Ел Кюмметц долго и жадно. Наконец с завтраком было покончено. Директор завинтил флягу, поднёс к уху, взболтнул и с сожалением покрутил головой. Затем встал, походил по траве, разминая затёкшие ноги. Аскер собрал остатки еды и отнёс в машину.
— Продолжаем путешествие, — сказал Кюмметц, закурив и усевшись в автомобиль.
Спирт скоро подействовал. Директор сидел, привалившись к борту машины, улыбался и что-то негромко напевал.
— Но вы не спрашиваете, Губе, за каким чёртом понесло меня в этот Аушвиц? — вдруг проговорил он, хитро взглянув на Аскера.
Аскер пожал плечами.
— Я полагал, это меня не касается, господин директор.
— Вы верно полагали. — Кюмметц качнулся. — Но вы хороший шофёр, и я посвящу вас. Мы едем за людьми. За новыми рабочими для завода.
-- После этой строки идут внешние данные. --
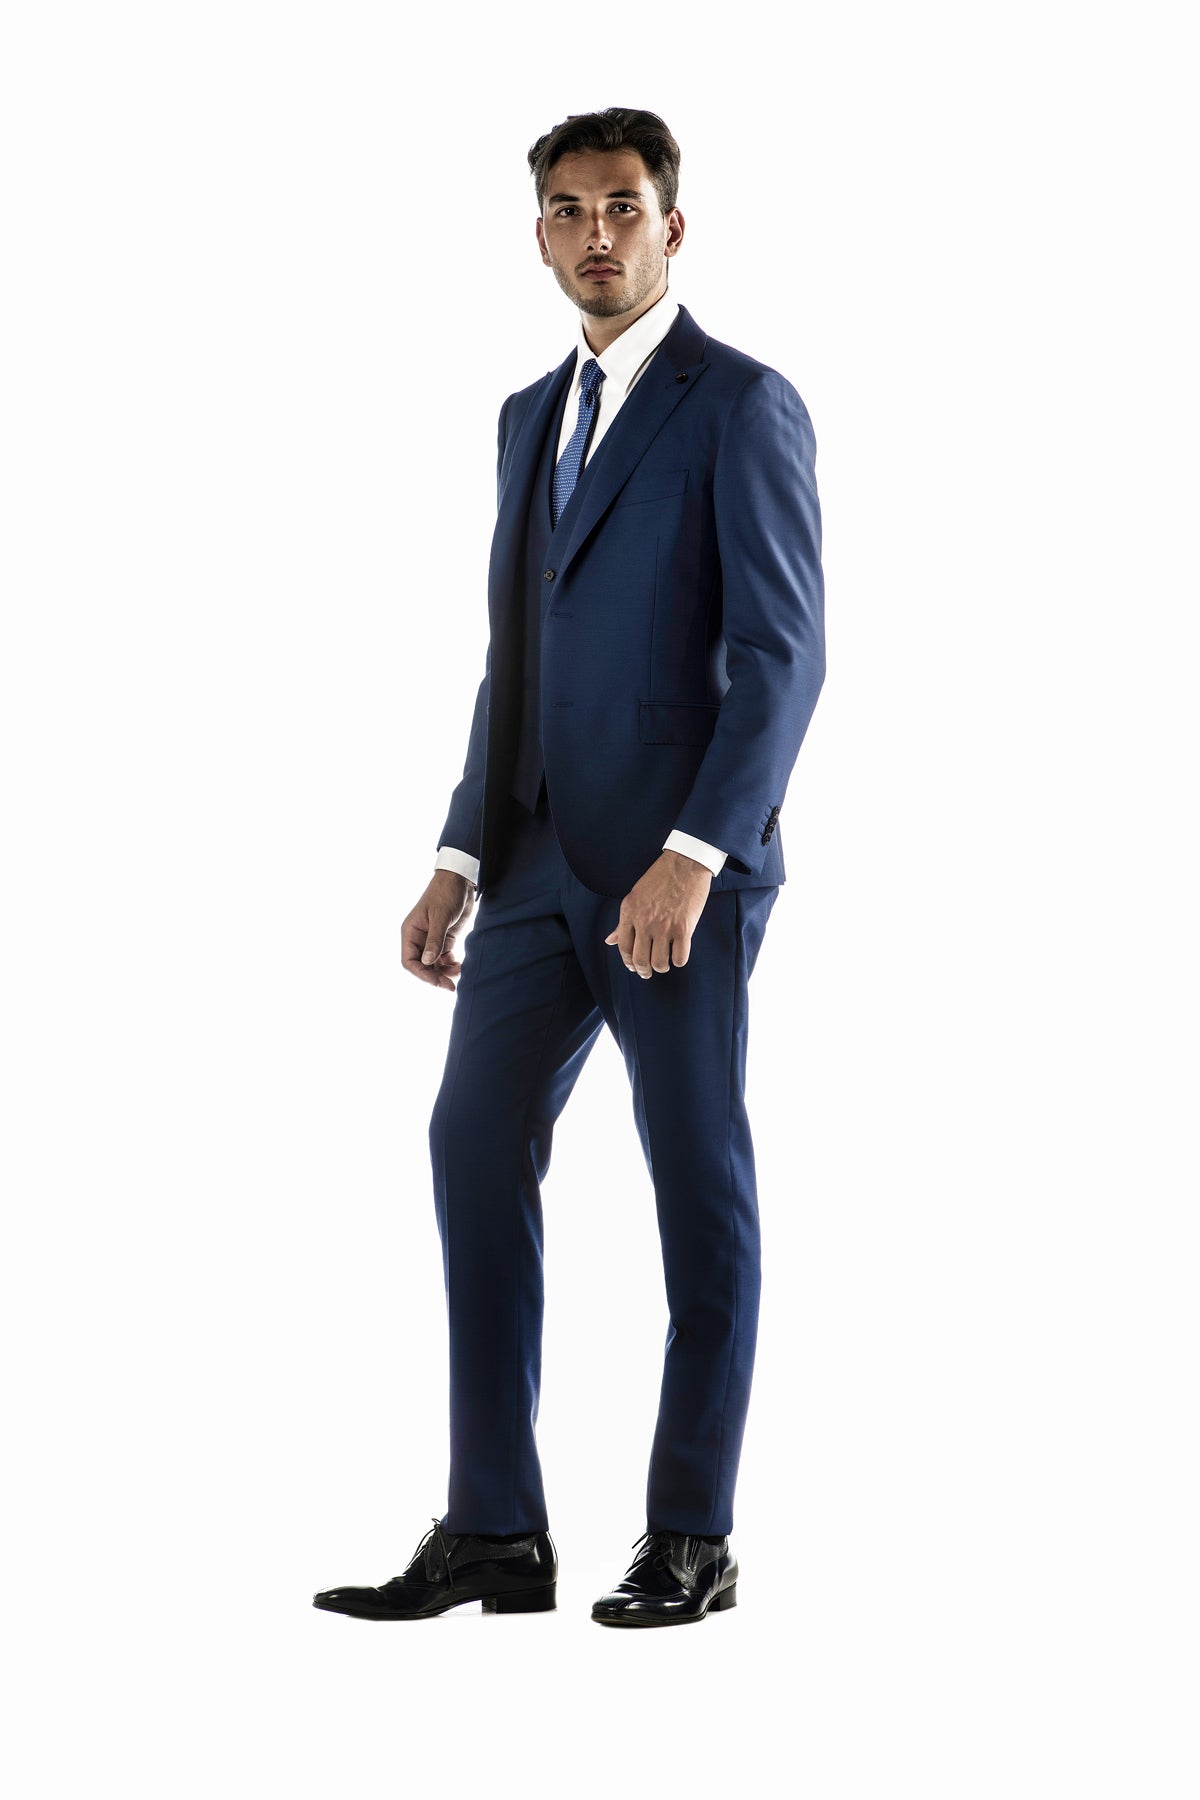 Bluette Patterned Suit with Waistcoat

— Но у вас и так трудится много пленных.
— А теперь… их будет гораздо больше!
Речь Кюмметца стала отрывочной, бессвязной. Он вдруг смолкал на полуслове, потом торопливо выкрикивал фразу. Временами голос его спускался до шёпота, и тогда Аскер вообще не мог ничего разобрать. Все же он понял, почему директор так спешил с отъездом. Оказывается, военные власти Остбурга предупредили, что скоро с завода будет взята в вермахт новая большая группа рабочих-немцев, и Кюмметц должен успеть заменить их пленными.
— А почему мы едем так далеко?
— Э, мне предложили людей из окрестных лагерей: «Берите, герр Кюмметц, что вам нравится!» — Директор гневно качнул головой. — Берите!… А что я там найду, если уже давно перерыл весь контингент? Ведь не дремлют и директора других заводов.
— Конечно, — подтвердил Аскер.
— И тут вмешалось провидение, Губе. Оно явилось в образе моего старинного друга, который неожиданно приехал в Остбург по делам службы. О, мой друг занимает высокий пост. Конечно, он нашёл, как мне помочь. Два пятиминутных разговора по телефону с Берлином — и я получил право как следует порыться в Аушвице!
— И все же вы могли бы не ехать так далеко, господин директор. Я слышал, большой лагерь есть возле Веймара — это куда ближе.
— Бухенвальд?
— Да.
Кюмметц затряс головой, визгливо рассмеялся.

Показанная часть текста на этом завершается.